Thus, when he unleashed the beast, as it were, last Friday, everyone who thought they knew him was utterly shocked. How did he manage such complete and total subterfuge for such a lengthy period of time?
All the desperados I have researched had a similar period in their lives, a time when their wills locked onto the notion of committing a purposeful mass murder, yet during which all of these men were able to live a double-minded existence, never letting anyone know the horrific endgame they were plotting. Dylan Klebold and Eric Harris, the Columbine duo, apparently first conceived their plan to massacre their classmates a good fifteen months before executing the operation; yet, in that time, they gave no indication or intimation of their murderous intentions to anyone. For Breivik, the span of time between preparation and completion was more than twice as long as that—nearly three years, if we are to take his word for it. How was it possible to present one face to the world, a happy-go-lucky, devil-may-care kind of mask, while secretly, deliberately nursing a beast within, preparing it for the kill?
Breivik’s answer is that he willed himself into a kind of curious self-hypnosis. In his mind, his orgy of bloodletting had already happened, long before it actually happened; he’d already killed, and had already died. That is to say, he wasn’t truly alive and walking the earth in the months and years leading up to the Oslo massacre; during all that time, he saw himself as a ghost. He fatalistically embraced what he came to see as his destiny.
“The core strength of a Justiciar Knight,” he wrote, “is that we accept the fact that we’re already dead. . . . The sooner you accept that, the sooner you will be able to function as a soldier is supposed to function: without mercy, without hesitation, without compassion, and without remorse.”
On this point, it is hard to argue with Breivik; in fact, adopting this mindset seems a touch of demonic genius.
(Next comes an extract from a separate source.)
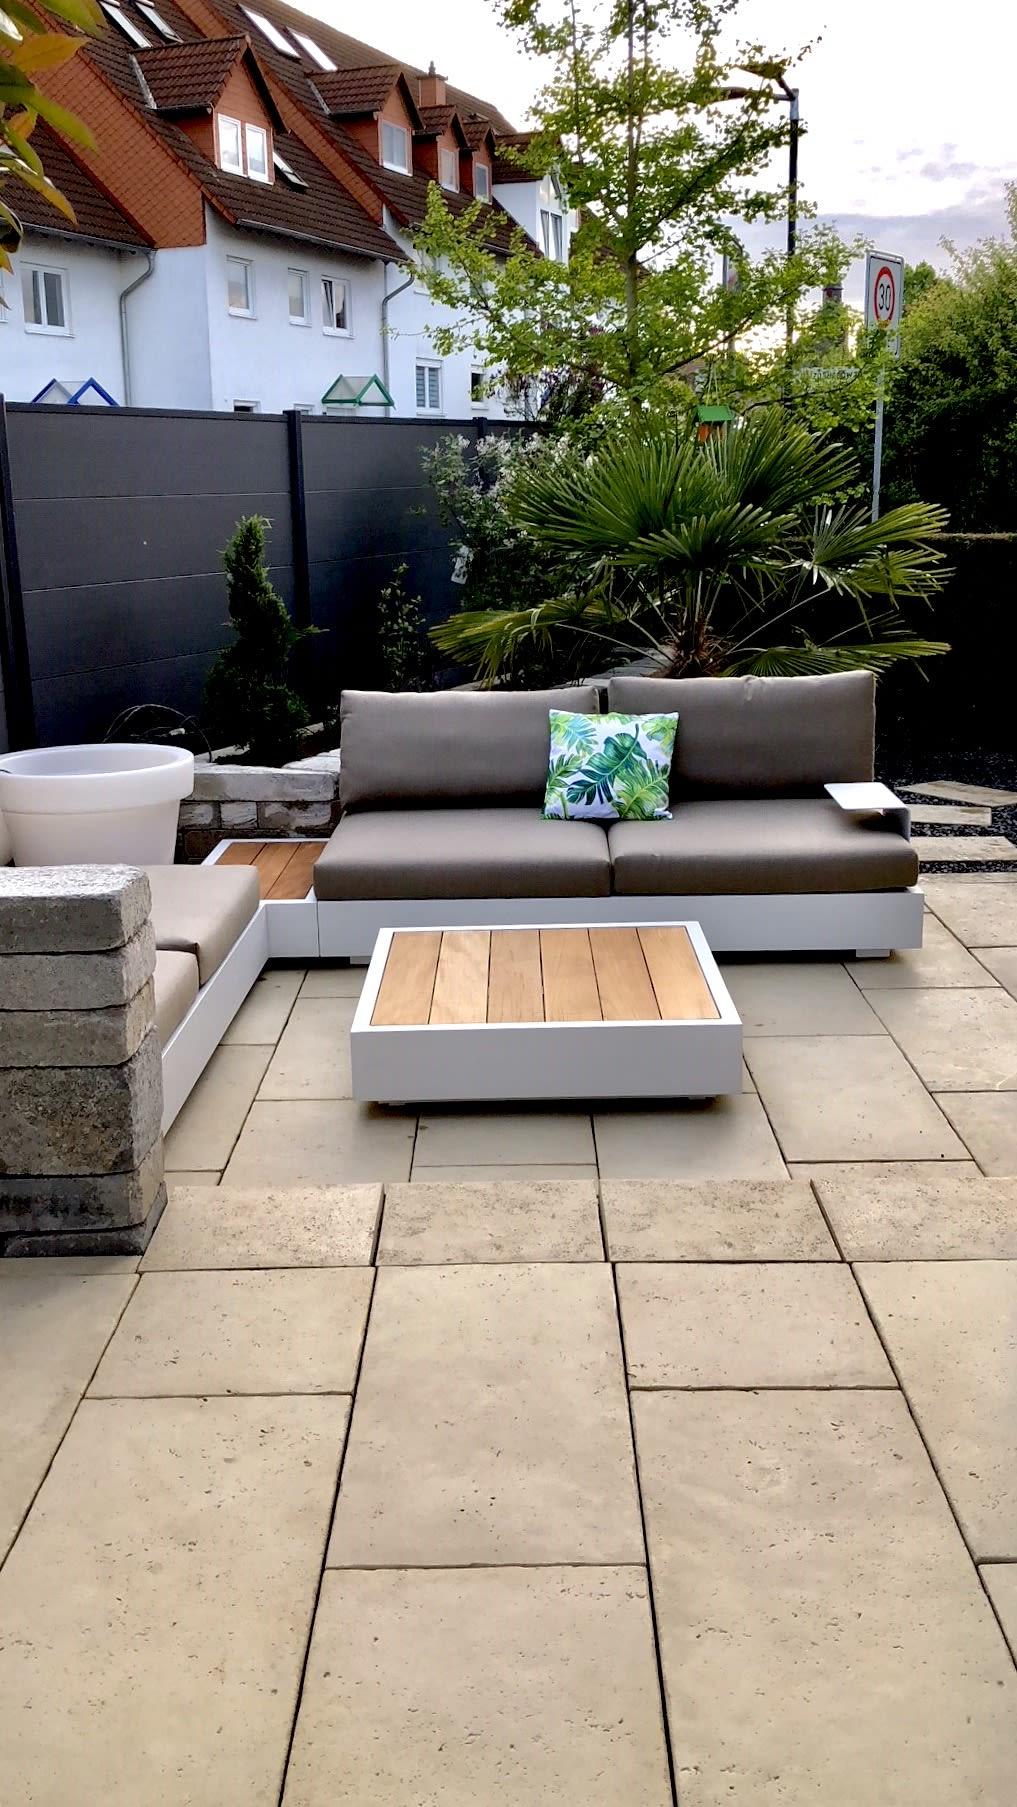 Garten mit Steinplatten und Holzsitzecke

If a person comes to see his life in such terms, he can truly access the realm within himself where all things are possible. One essentially makes oneself a malleable puppet, to be controlled however one sees fit. One doesn’t hesitate, or torment oneself over possible alternatives if one has convinced himself that no such alternatives truly exist, that what will happen has in fact already happened, that he is in fact already dead.
* * *
I have argued elsewhere that the drive to politicize Breivik’s rampage, or to view it through a partisan lens, is a very basic affront to human decency. This “neocon Norwegian Rambo” committed an abominable act, and to regard him a hero since he was on “our” side puts on the same level as the type of idiot leftist who idolizes a thug like Che Guevara or justifies the crimes and abuses of smelly little tinpot tyrants like Robert Mugabe and Hugo Chavez. Yet one wonders how much good could be accomplished in the world if even a handful of decent men could, without sacrificing their consciences or their exquisite concern with morality, nevertheless dedicate themselves with such fierce and searing abandon—with the calm resolve of one “already dead”—to a good and right cause.
It is in this sense—and in absolutely no other—that we should strive to emulate the example set by Anders Behring Breivik, this man who became a monster, this layabout Aryan pretty boy who transformed himself into a fearsome and rapacious blond beast.